> _What to work on_
Copy the data that follows exactly as it is, excluding all pictures.

> _Data block_
-- Opening Marker --

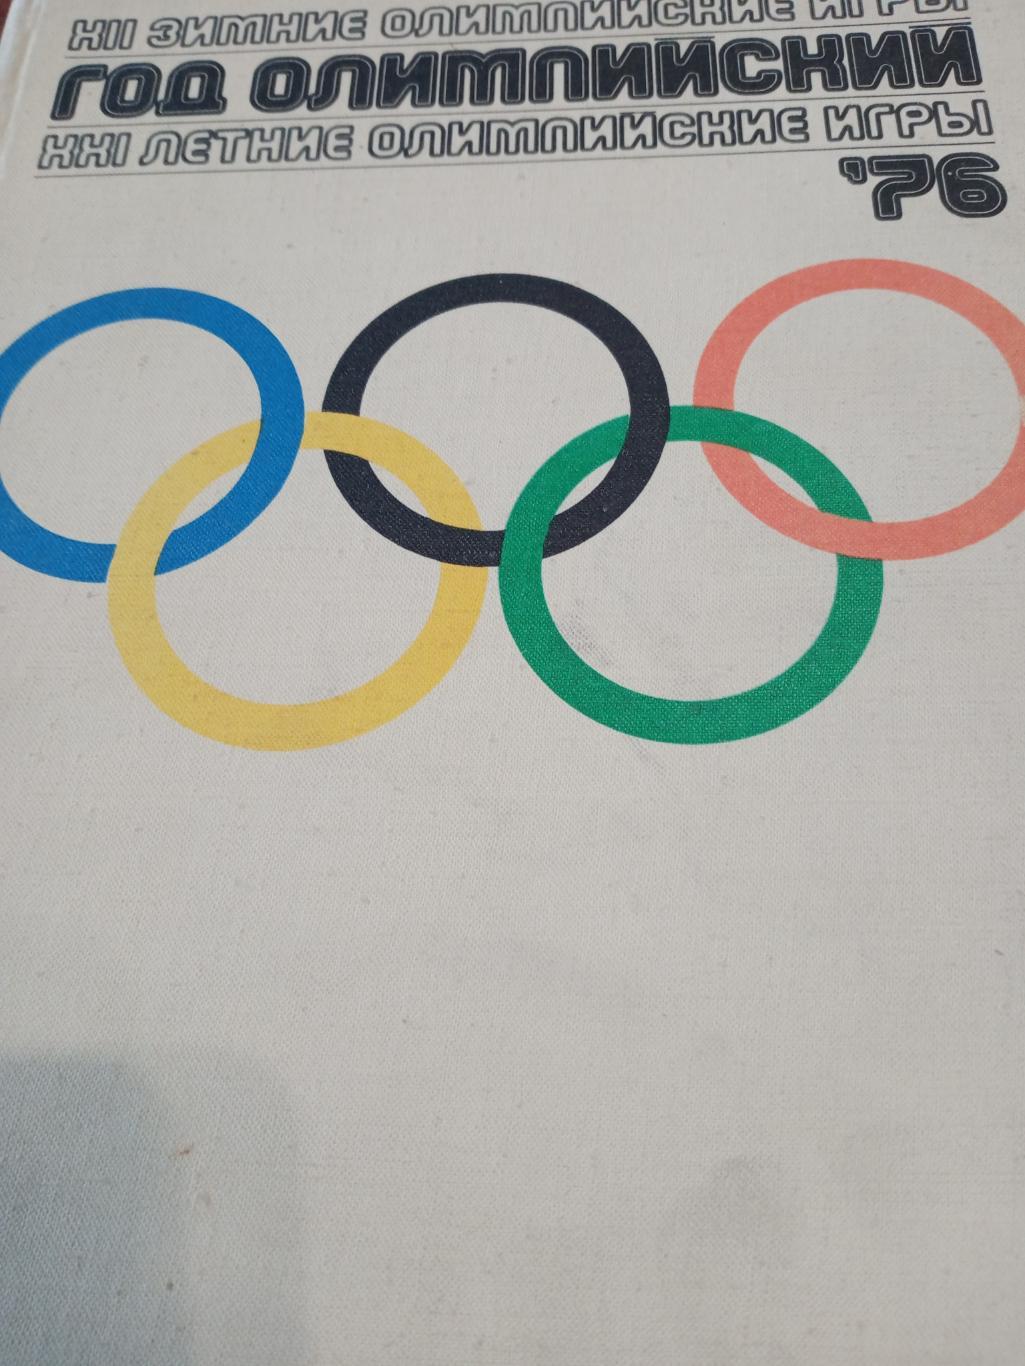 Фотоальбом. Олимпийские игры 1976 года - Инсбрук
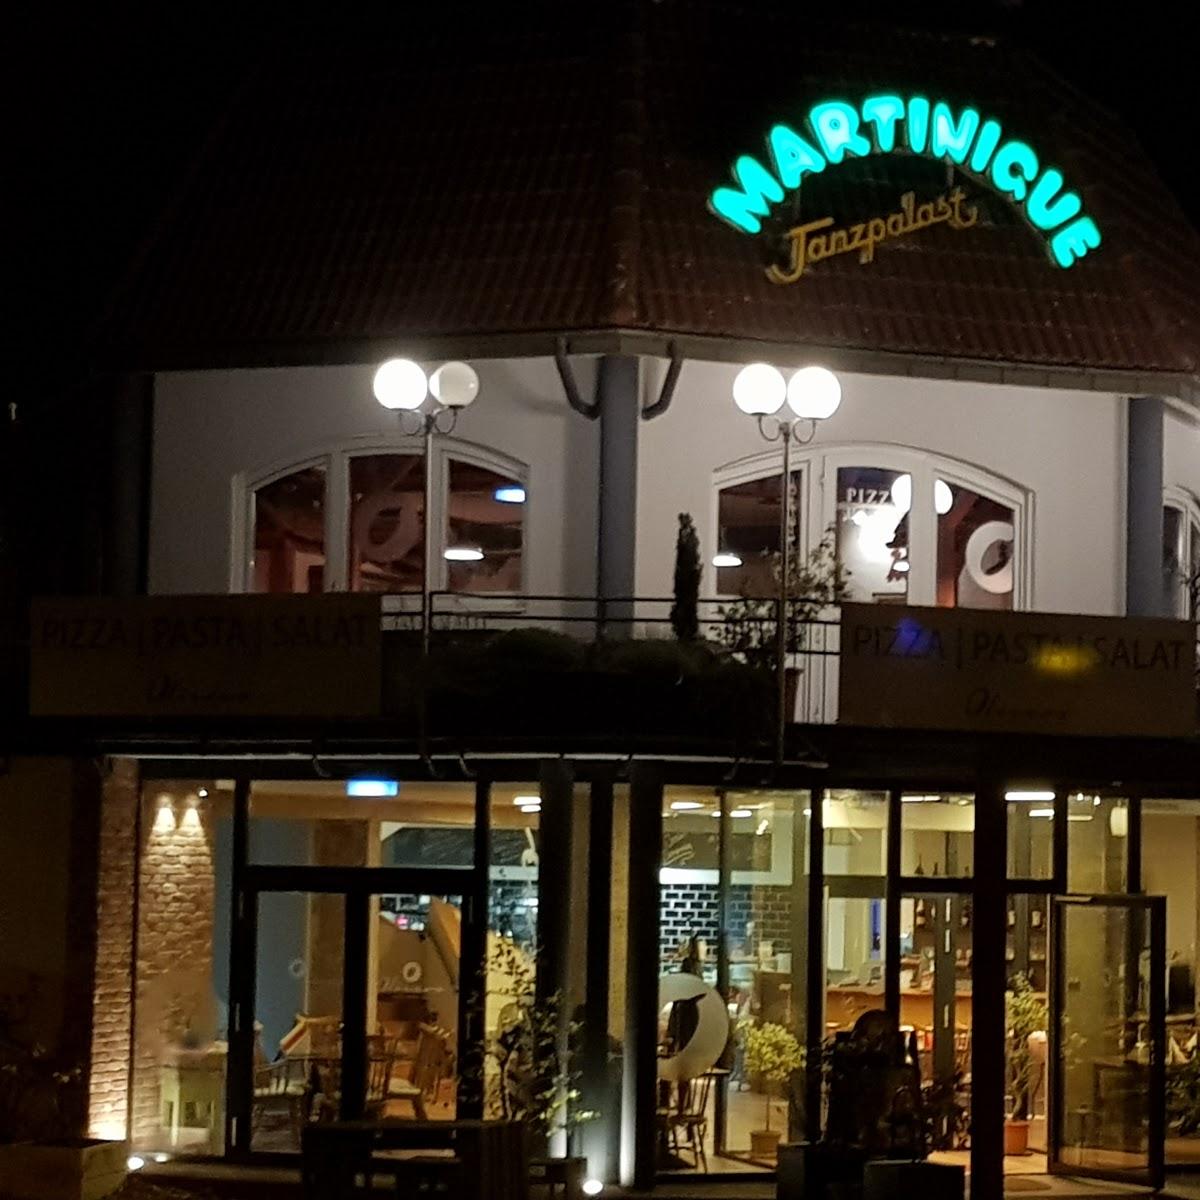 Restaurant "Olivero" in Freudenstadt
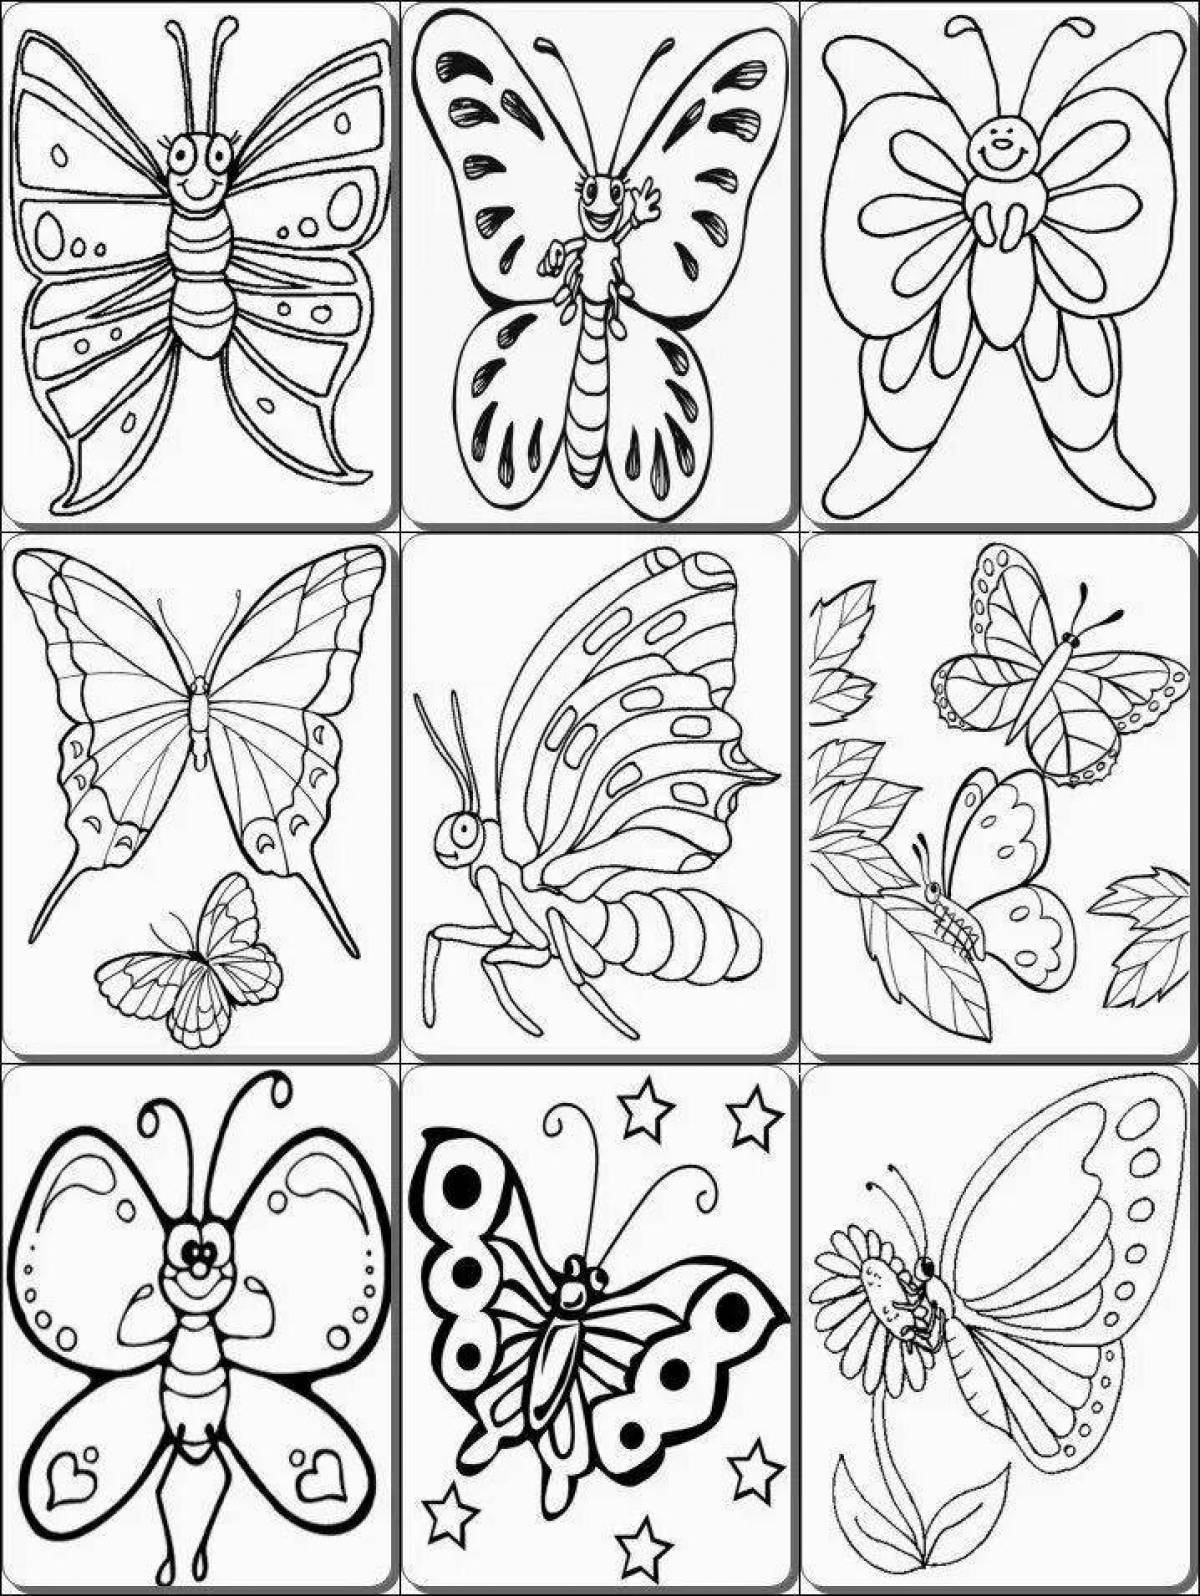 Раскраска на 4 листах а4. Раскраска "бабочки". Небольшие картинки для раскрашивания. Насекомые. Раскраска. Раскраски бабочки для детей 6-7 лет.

-- Closing Marker --

> _Solved problem_
 Фотоальбом. Олимпийские игры 1976 года - Инсбрук
 Restaurant "Olivero" in Freudenstadt
 Раскраска на 4 листах а4. Раскраска "бабочки". Небольшие картинки для раскрашивания. Насекомые. Раскраска. Раскраски бабочки для детей 6-7 лет.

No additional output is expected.